Data records.
----------------------------------------

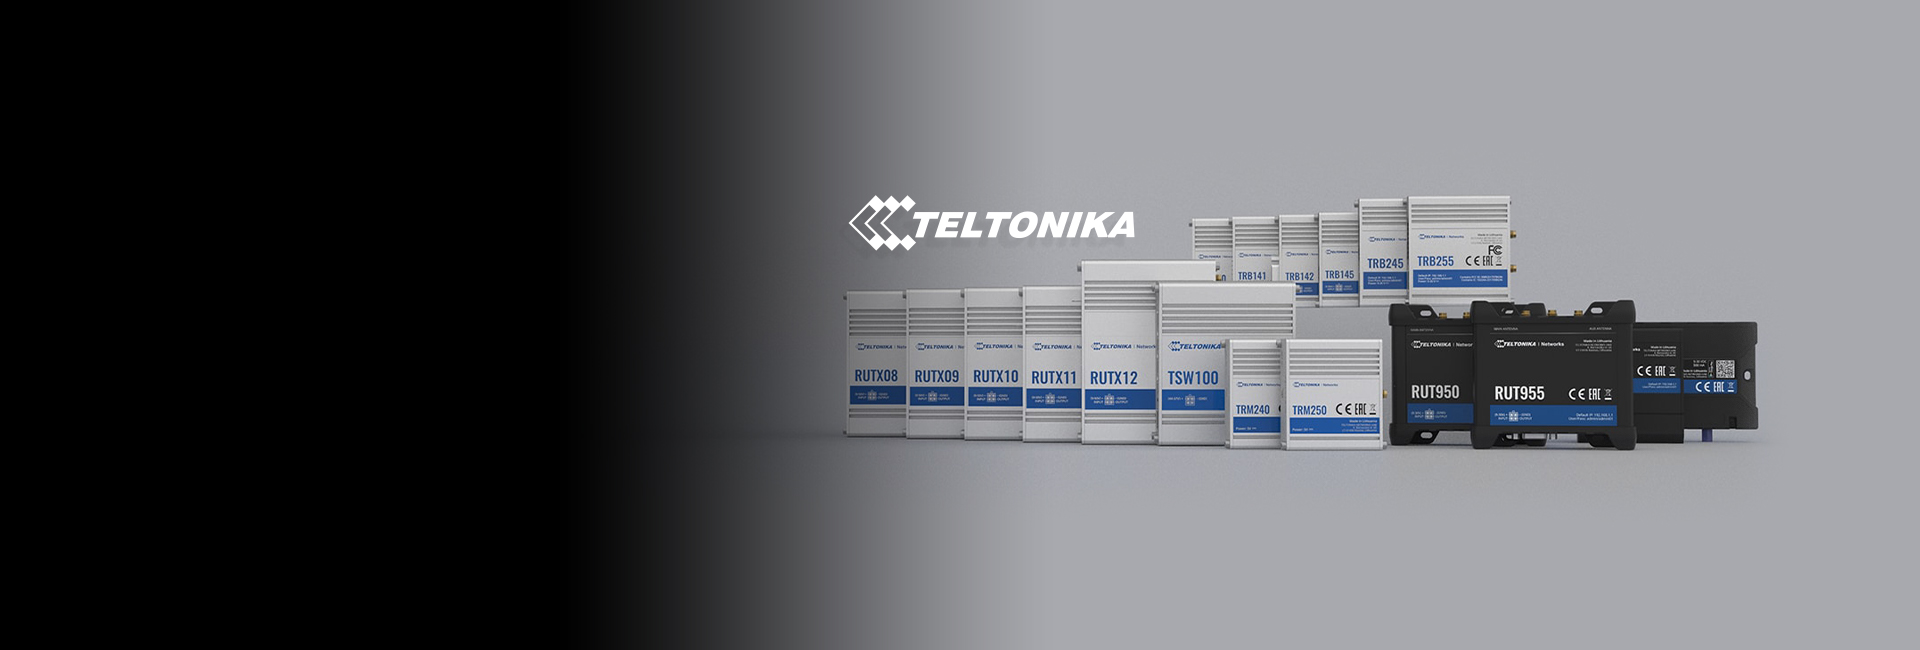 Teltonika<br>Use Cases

----------------------------------------

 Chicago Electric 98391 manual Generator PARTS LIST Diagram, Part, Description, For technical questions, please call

----------------------------------------

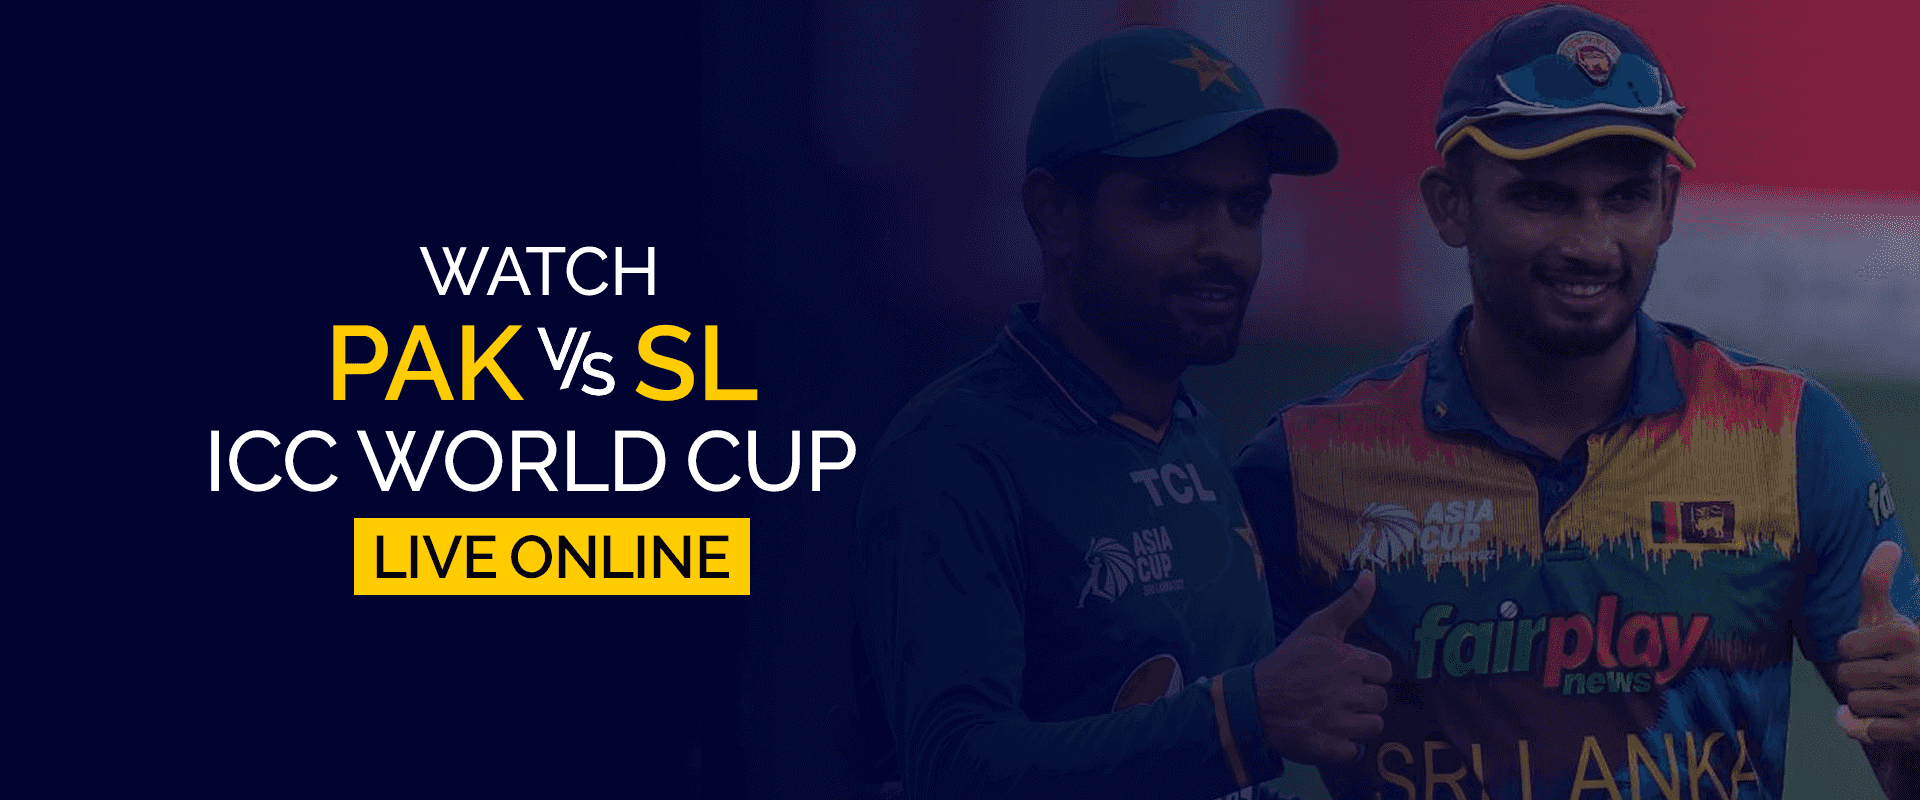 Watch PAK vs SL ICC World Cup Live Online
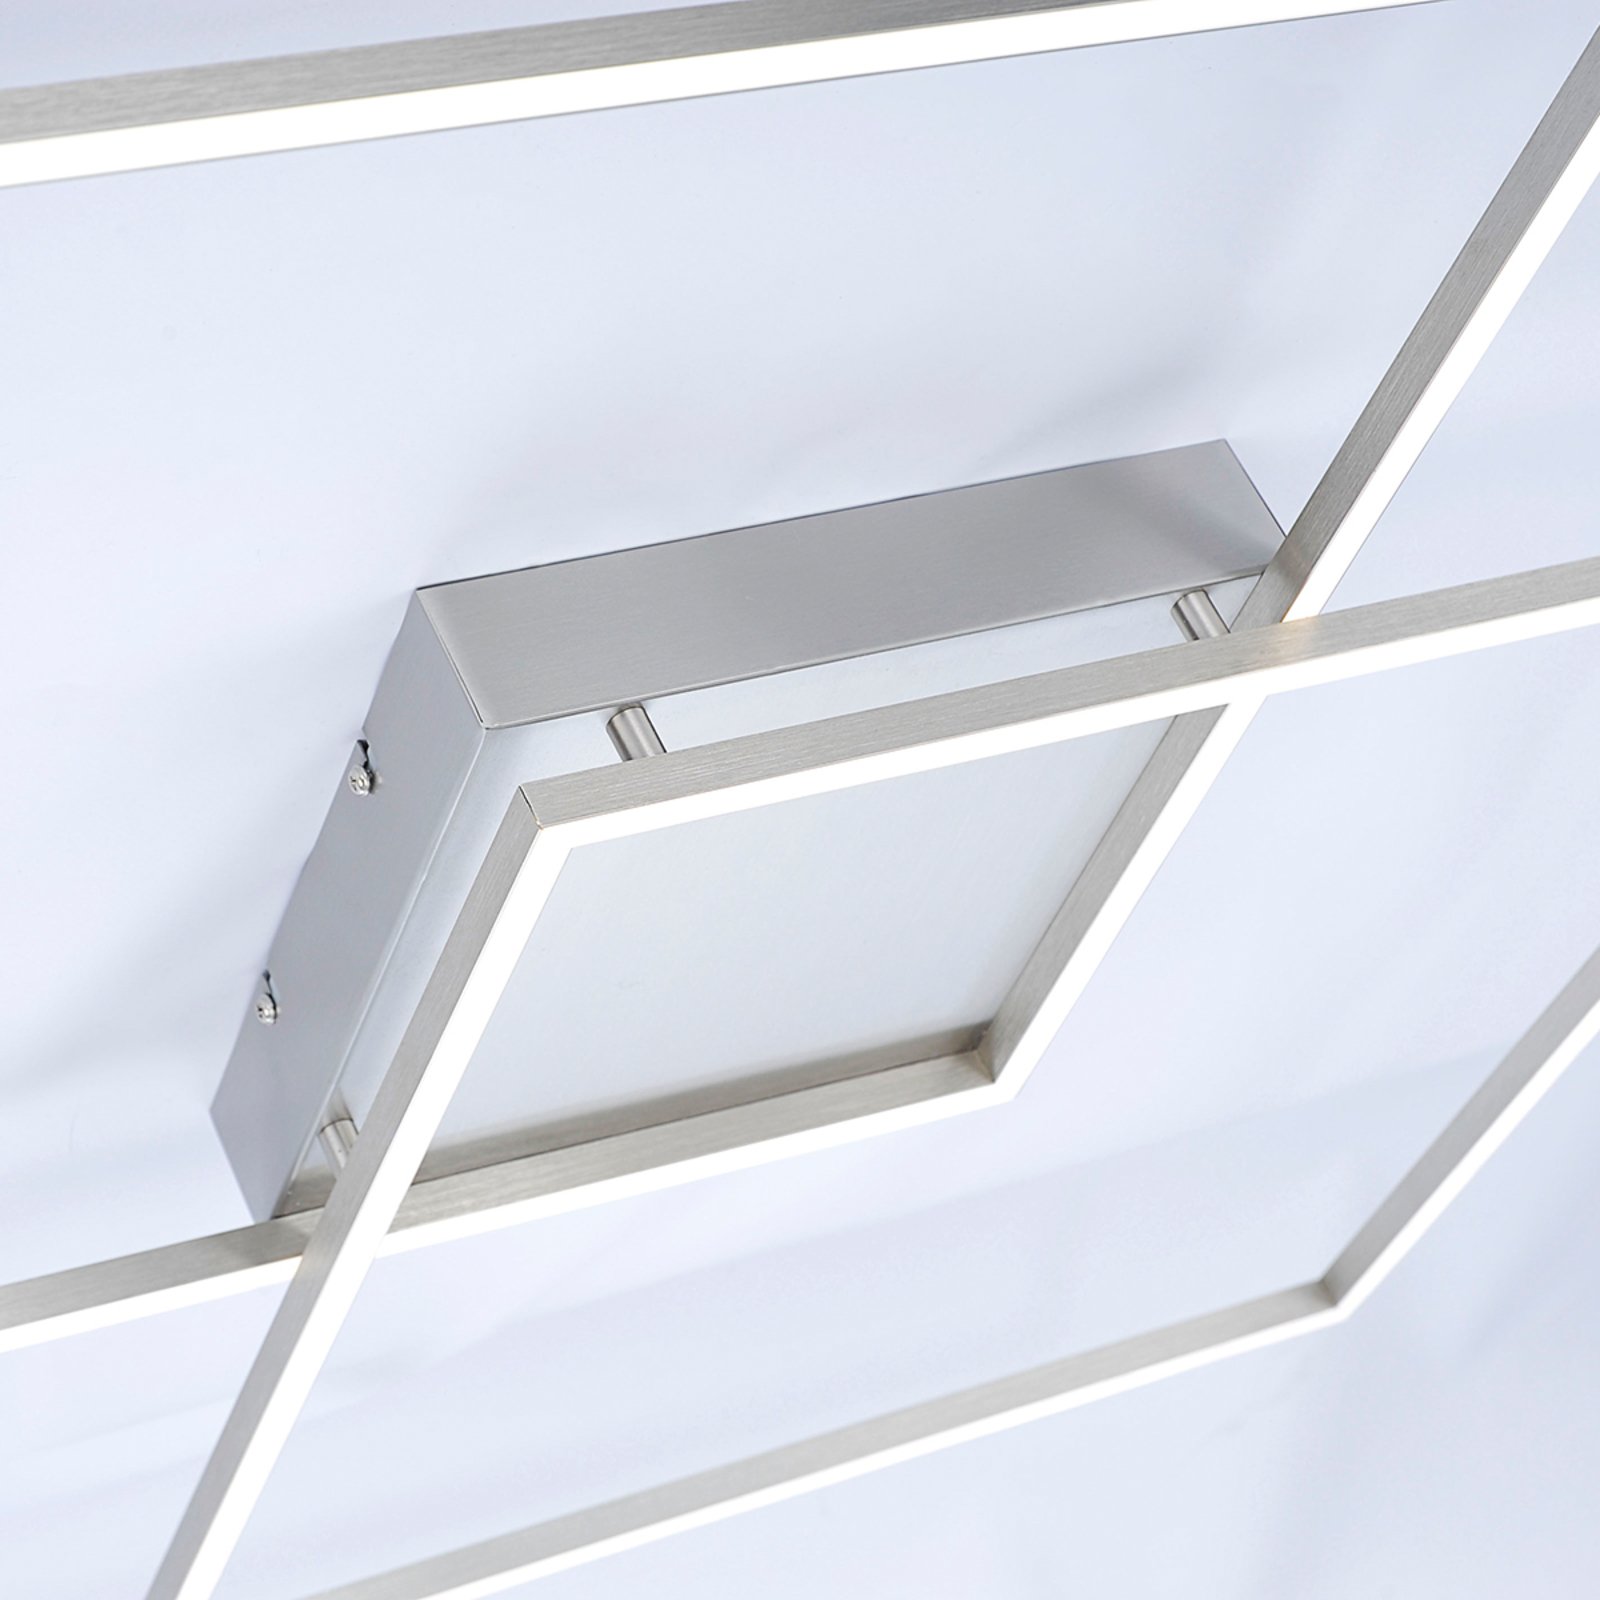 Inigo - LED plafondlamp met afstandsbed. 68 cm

----------------------------------------

Task to complete.
Only the lines between the one with "Watch PAK vs SL ICC World Cup Live Online" and the one with "Inigo - LED", those two included, get copied from the material above. Keep it exact and free of pictures.

Solution to this exercise.
 Watch PAK vs SL ICC World Cup Live Online
 Inigo - LED plafondlamp met afstandsbed. 68 cm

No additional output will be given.